Work to complete: Restate word for word the lines below, from the one containing "FIFA World Cup 2014 Schedule" through the final line, with no pictures included.

Stored data:
- - - - -

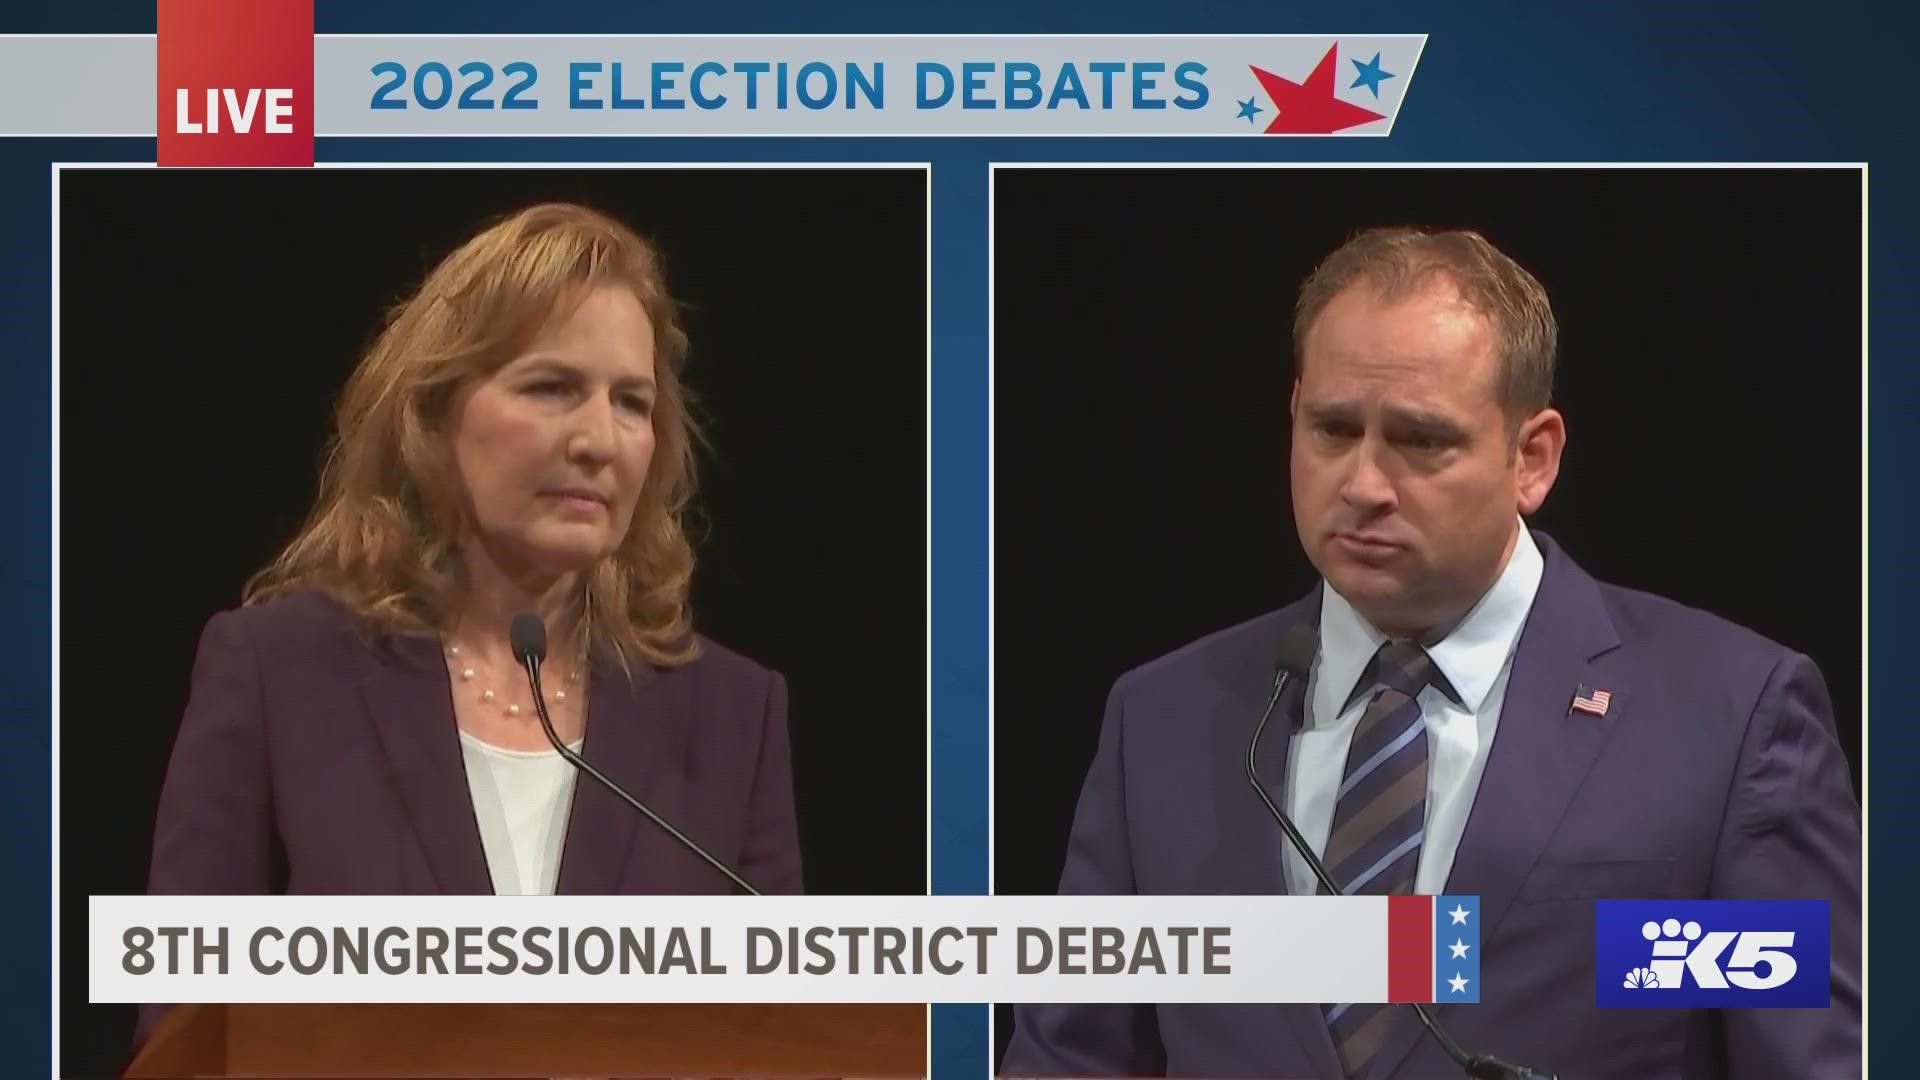 The 8th Congressional District candidates debated Oct. 28, 2022, ahead of the 2022 Washington state general election.
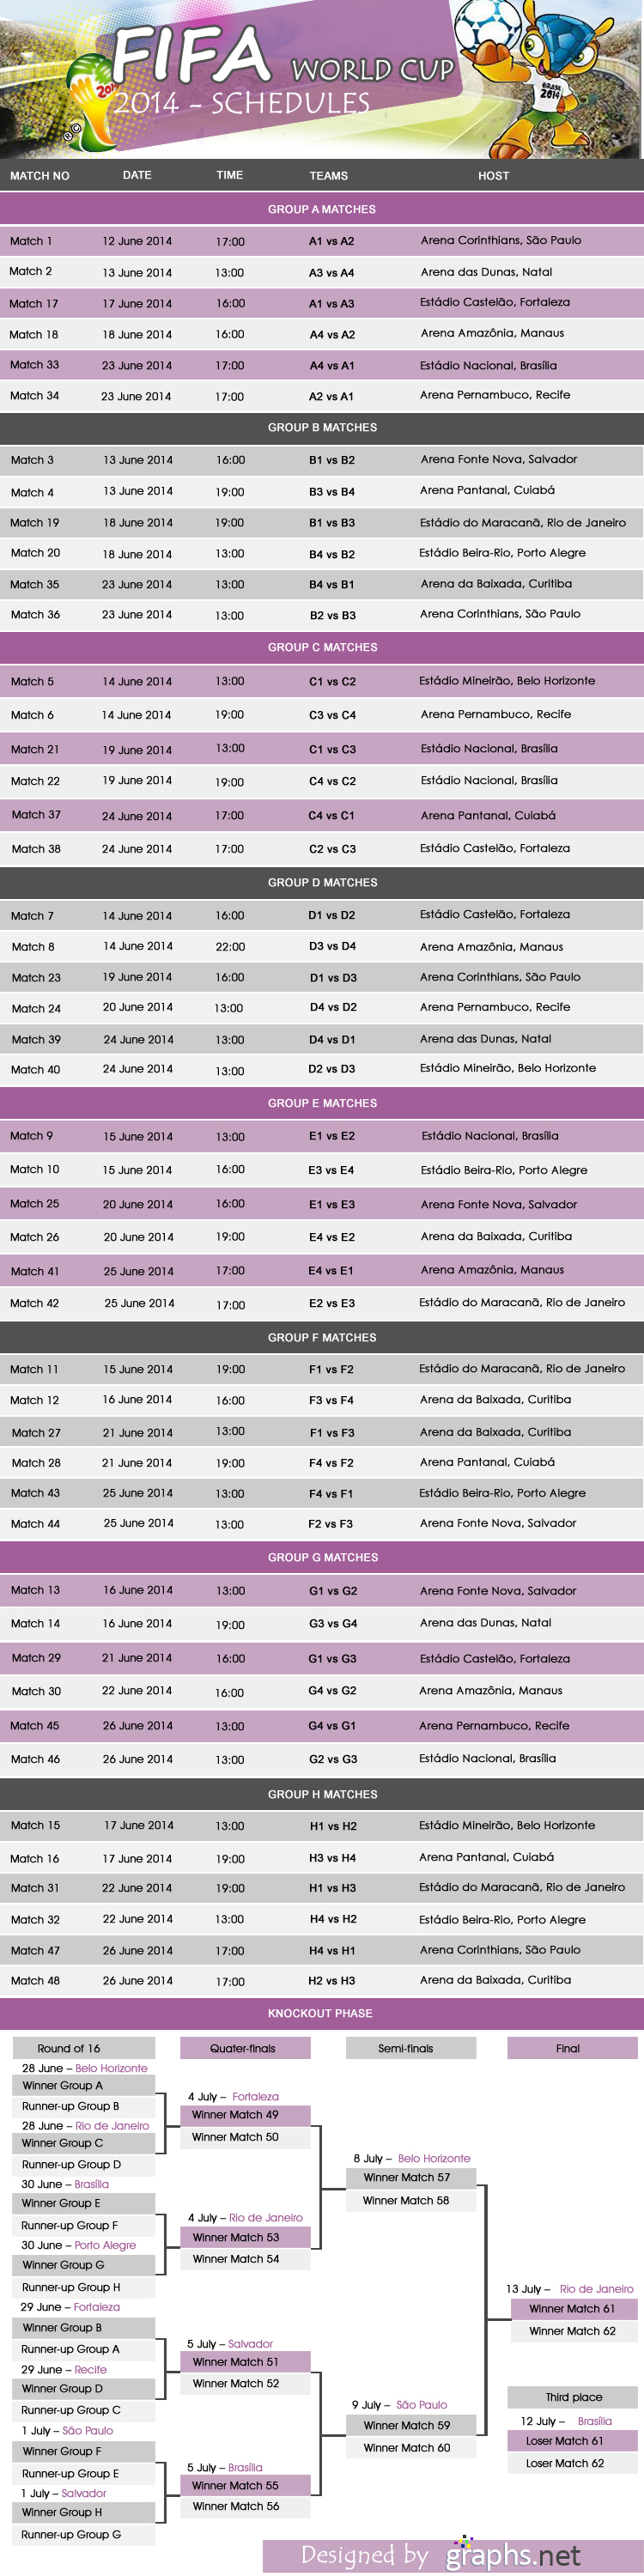 FIFA World Cup 2014 Schedule
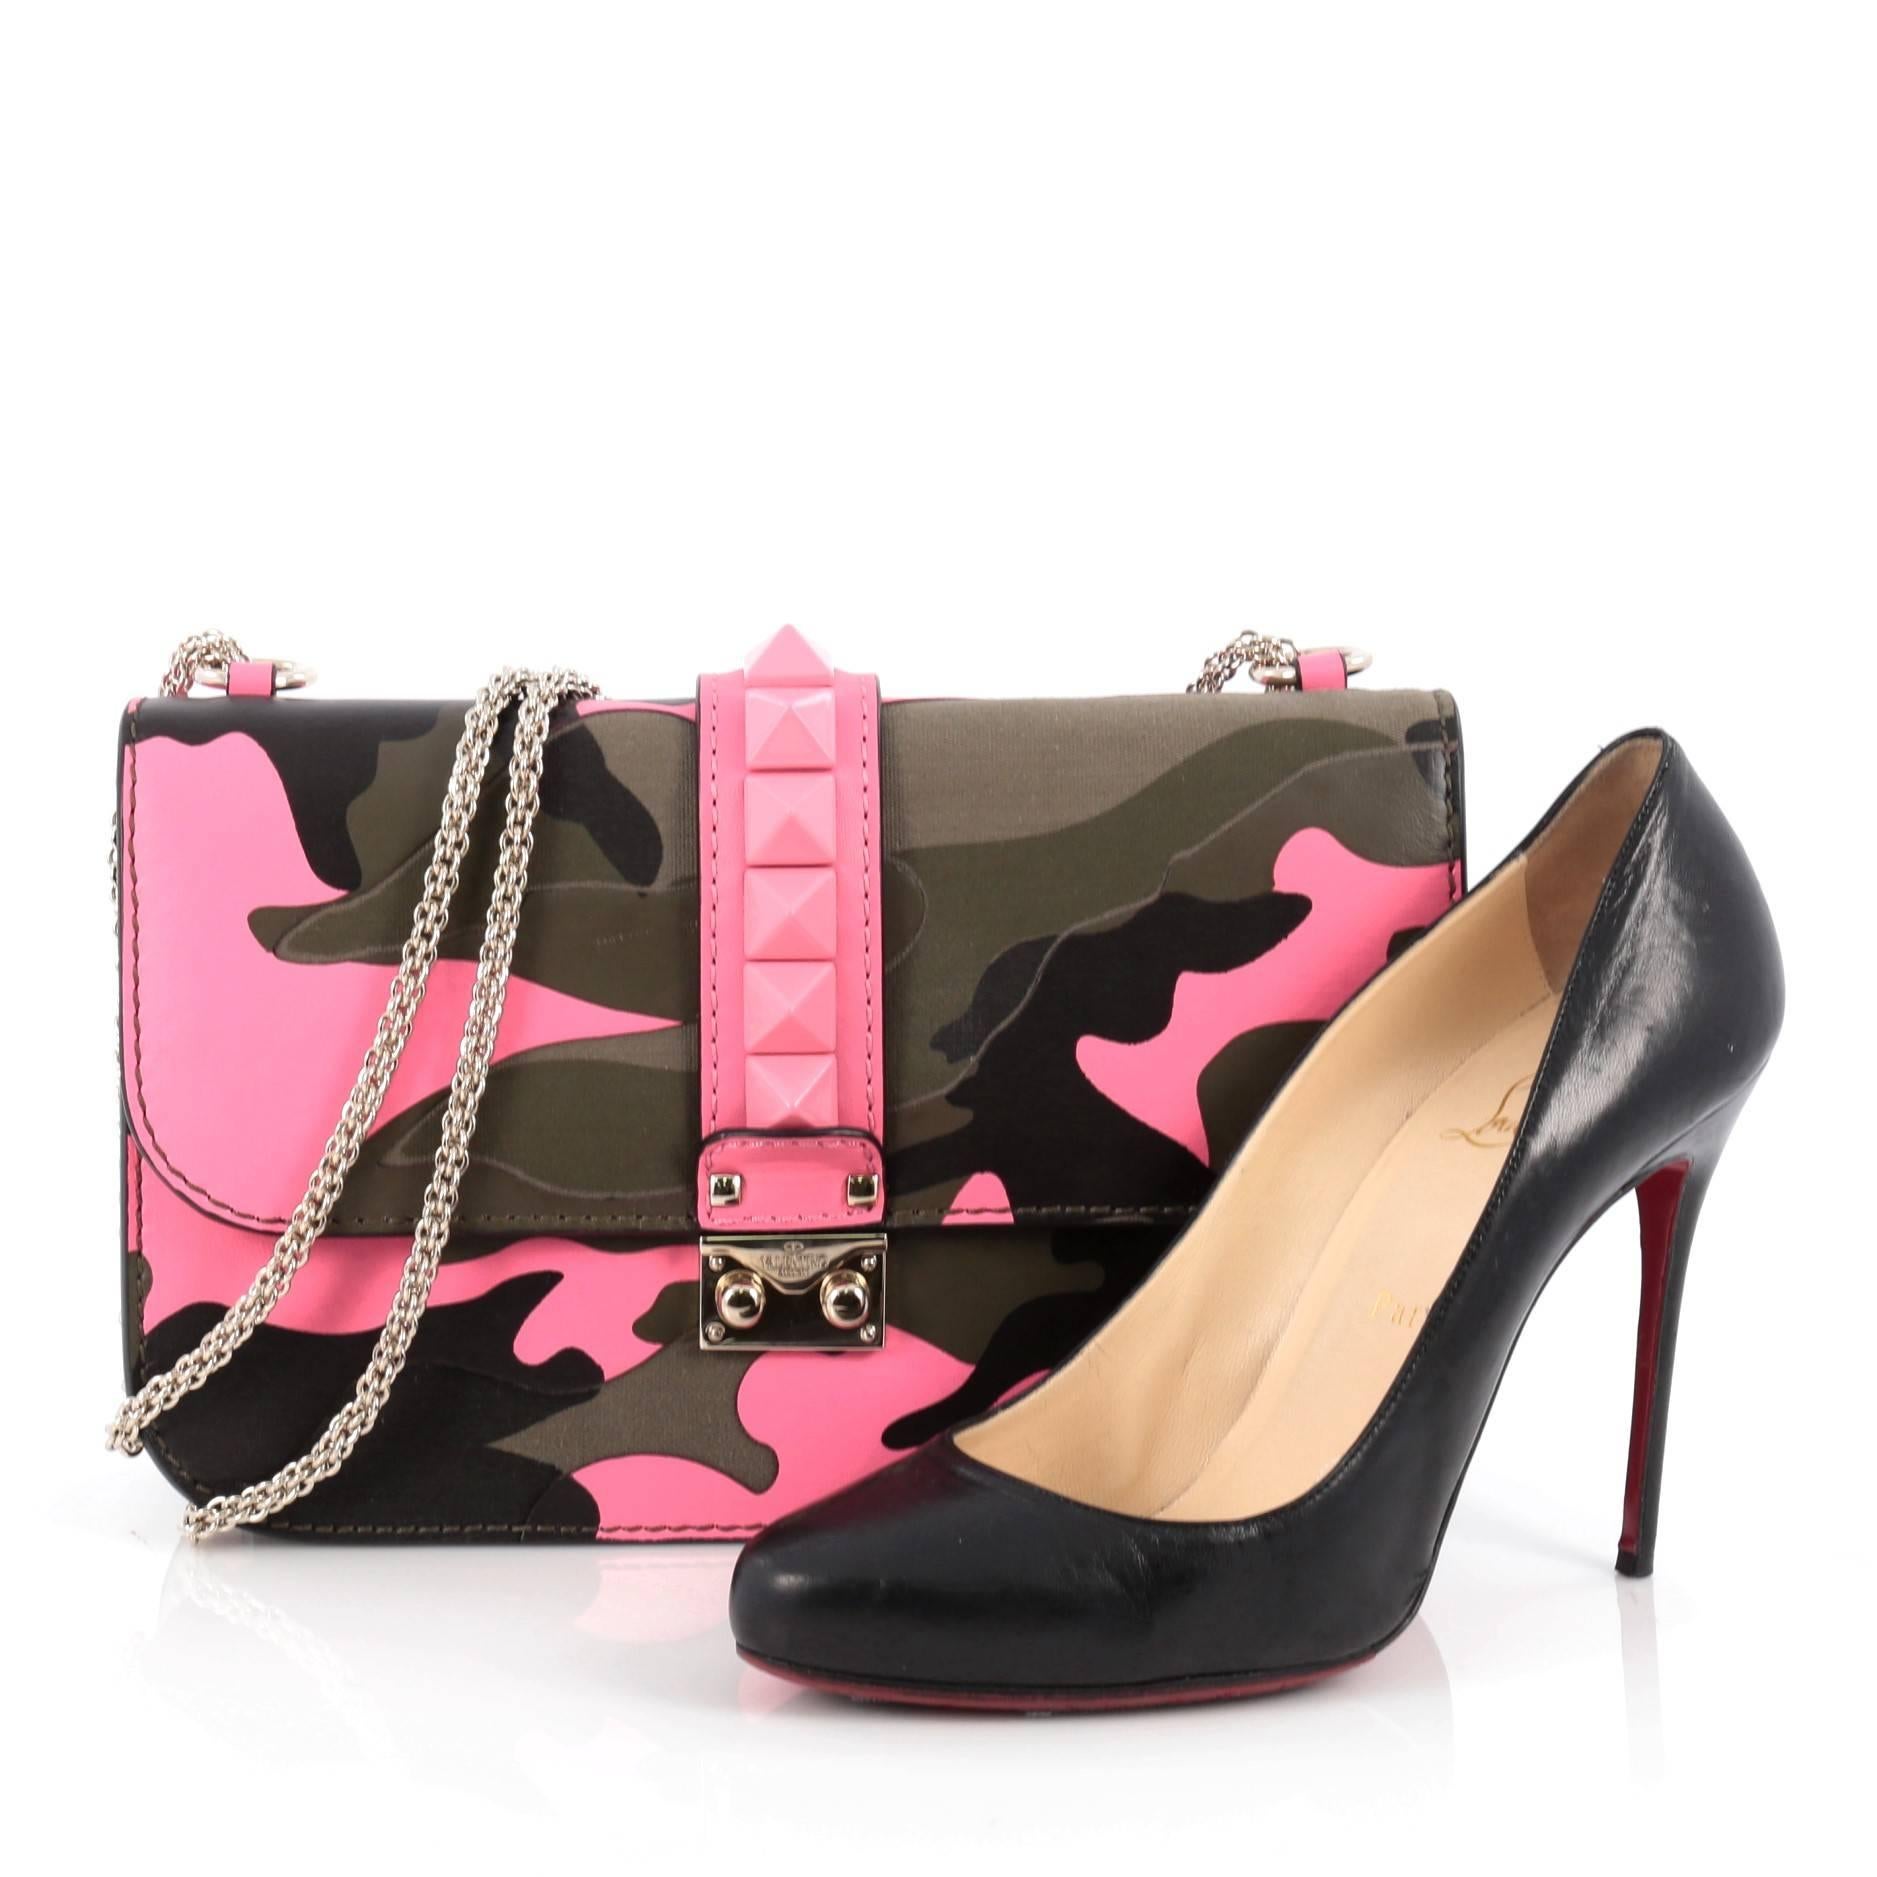 This authentic Valentino Glam Lock Shoulder Bag Camo Leather and Canvas Medium presented in the brand's Spring 2014 Collection is a fun, exciting and bold accessory perfect for nights out. Crafted from pink, khaki green camo leather and canvas with

- - - - -

Output for this task:
 FIFA World Cup 2014 Schedule
 This authentic Valentino Glam Lock Shoulder Bag Camo Leather and Canvas Medium presented in the brand's Spring 2014 Collection is a fun, exciting and bold accessory perfect for nights out. Crafted from pink, khaki green camo leather and canvas with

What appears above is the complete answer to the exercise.